*** Block opens ***

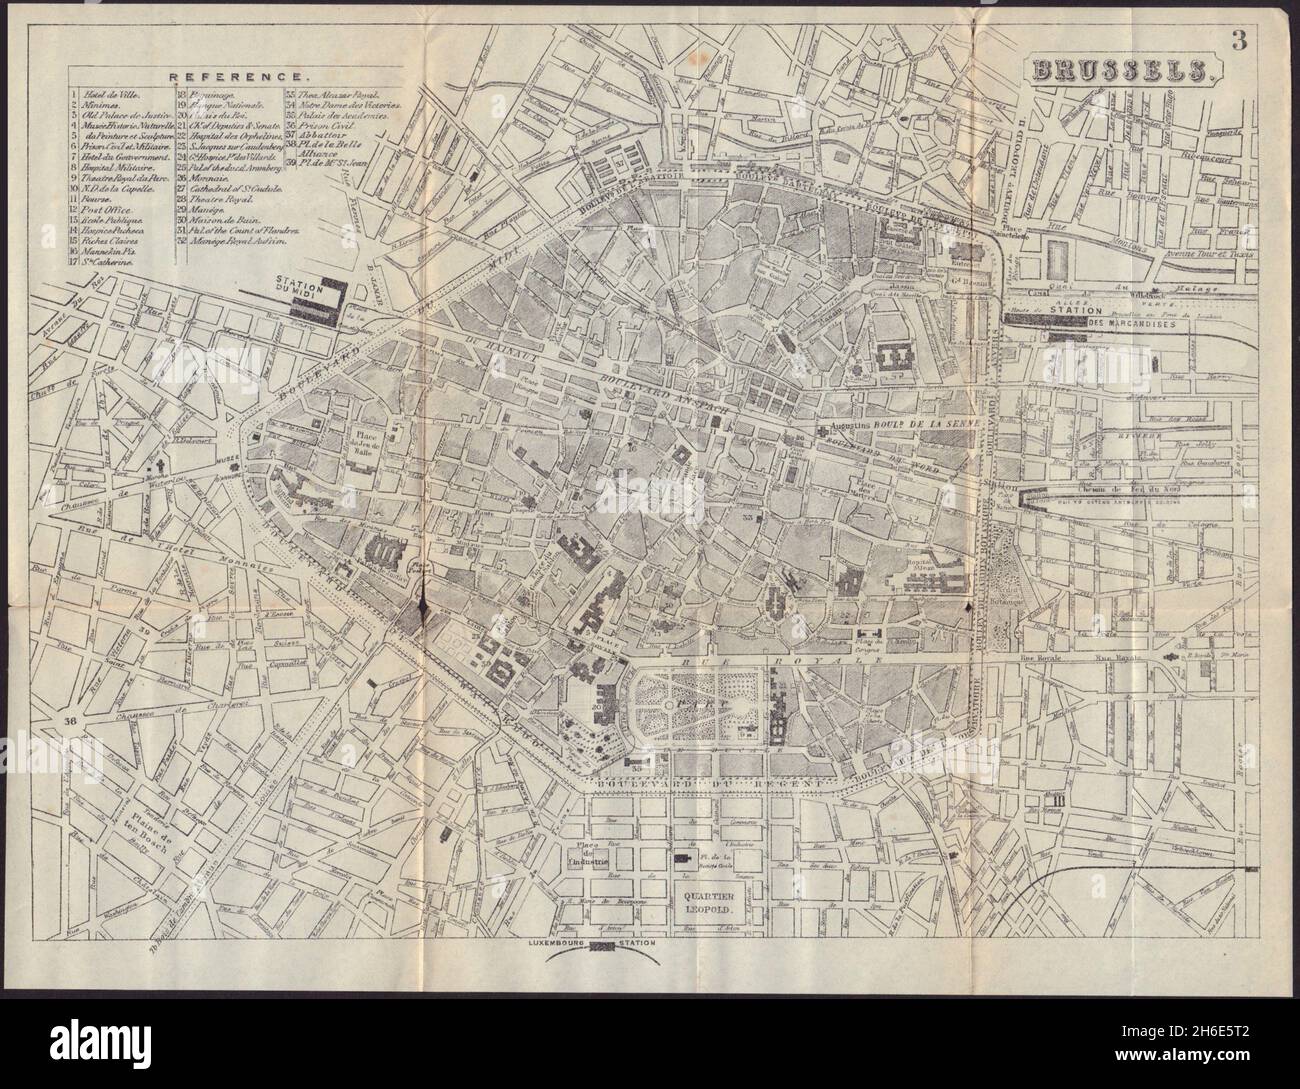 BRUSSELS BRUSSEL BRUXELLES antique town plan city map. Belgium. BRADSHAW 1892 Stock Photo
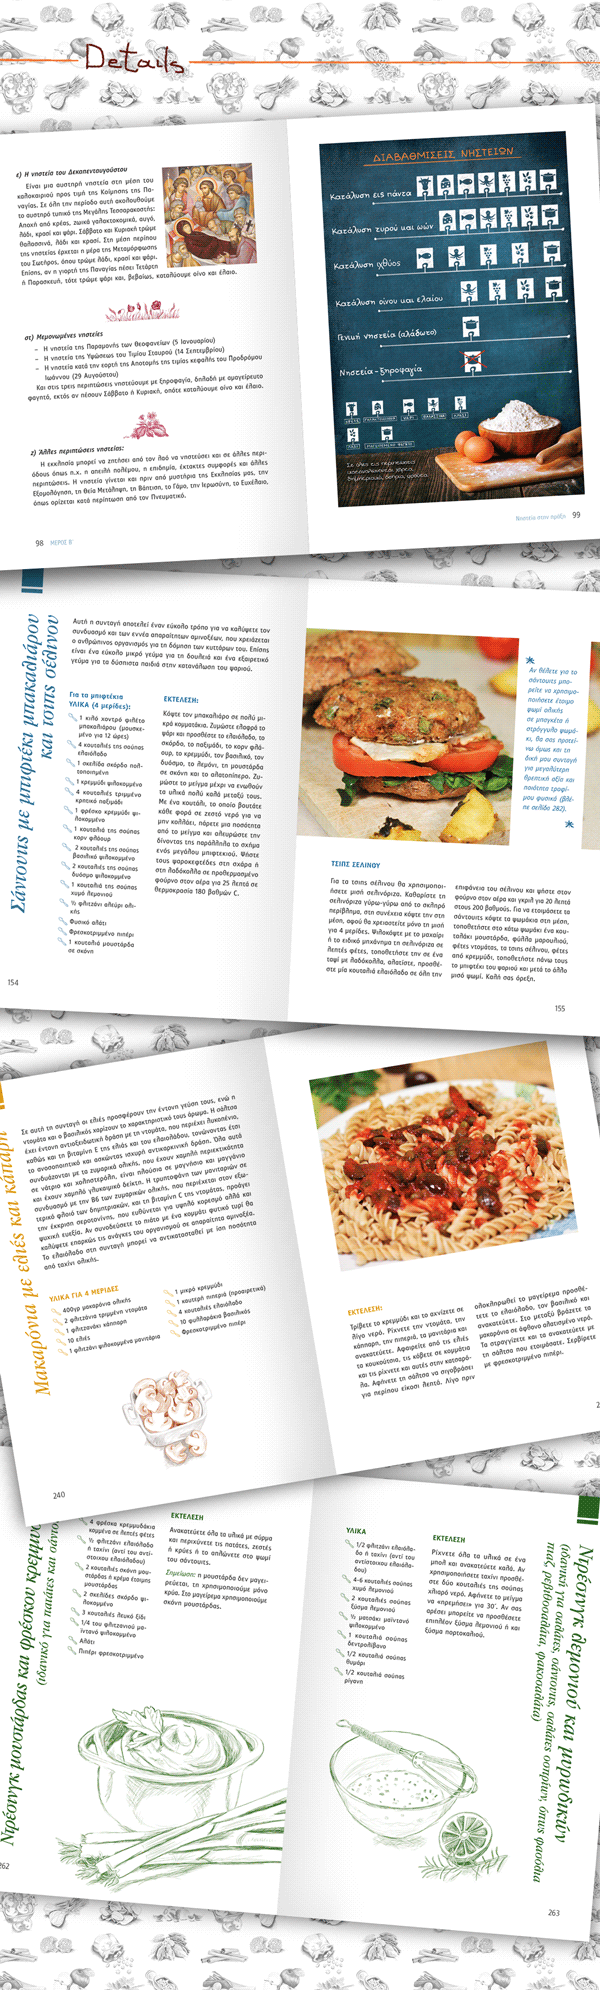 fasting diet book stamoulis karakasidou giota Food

*** Block closes ***
*** Block opens ***

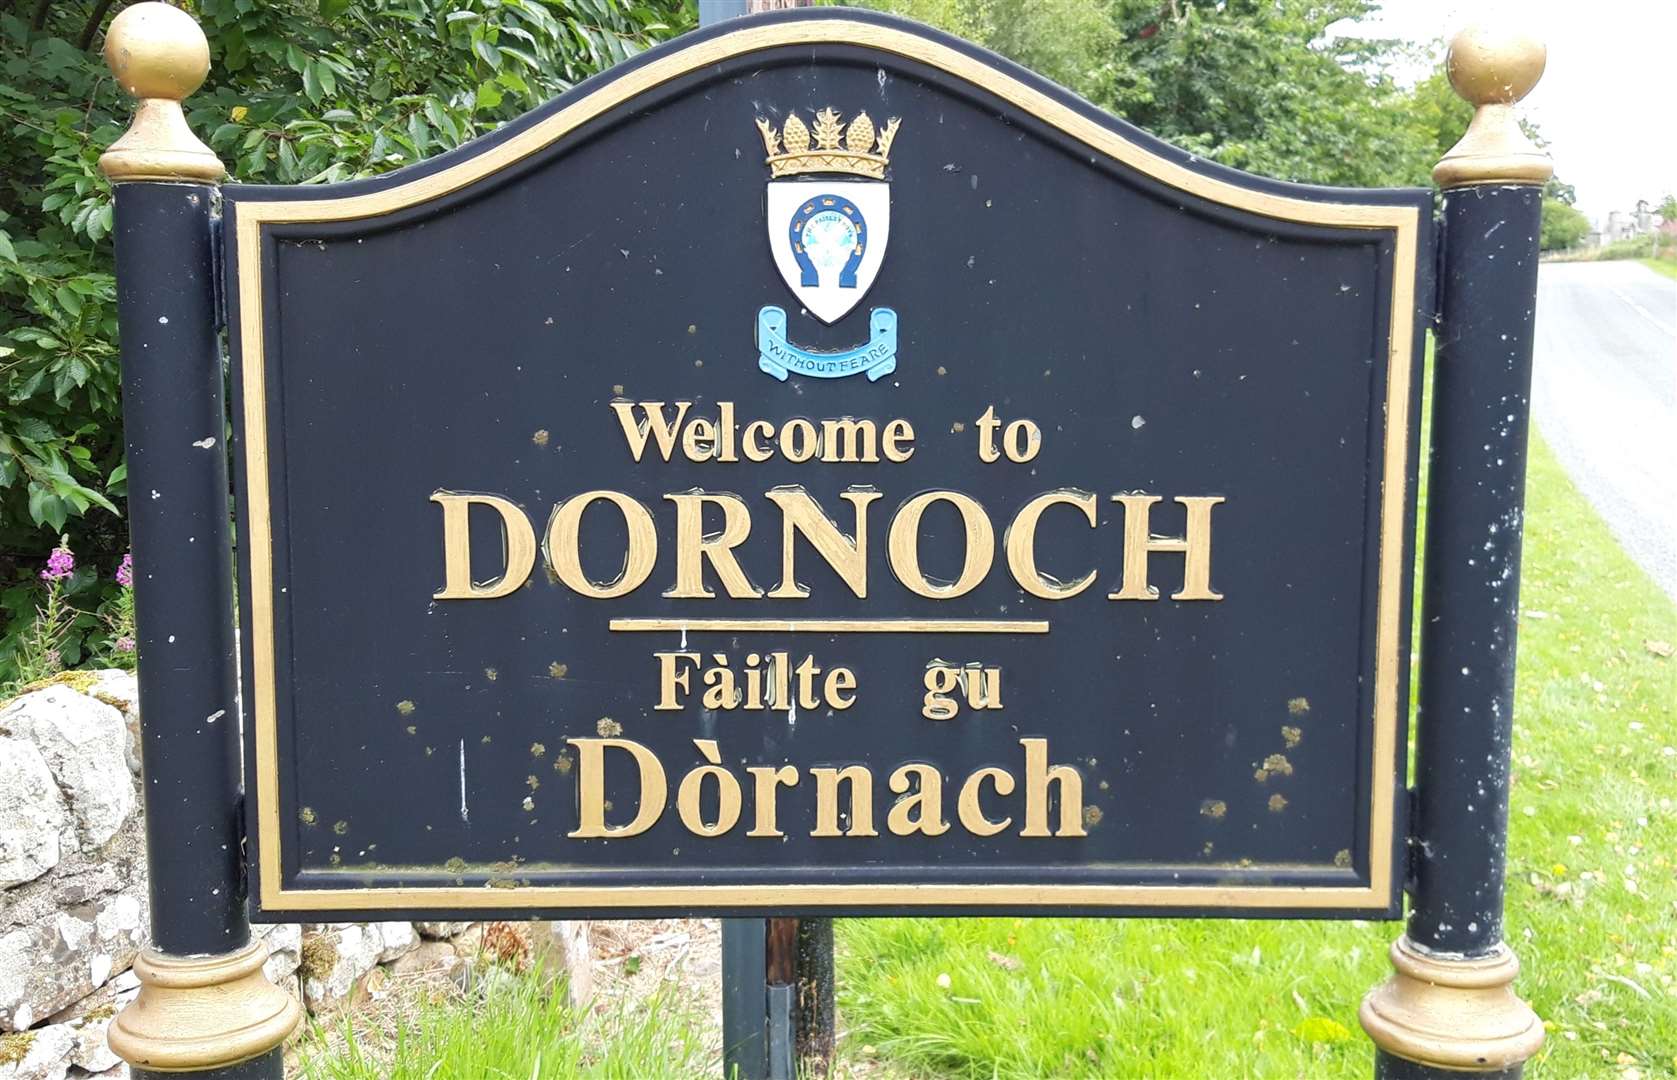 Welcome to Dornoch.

*** Block closes ***

Exercise instructions: Among the records above, locate the line containing "BRUSSELS BRUSSEL BRUXELLES" and the line containing "fasting diet book", then transcribe exactly the lines starting at the first and ending at the second, with no pictures.

Output below:
 BRUSSELS BRUSSEL BRUXELLES antique town plan city map. Belgium. BRADSHAW 1892 Stock Photo
 fasting diet book stamoulis karakasidou giota Food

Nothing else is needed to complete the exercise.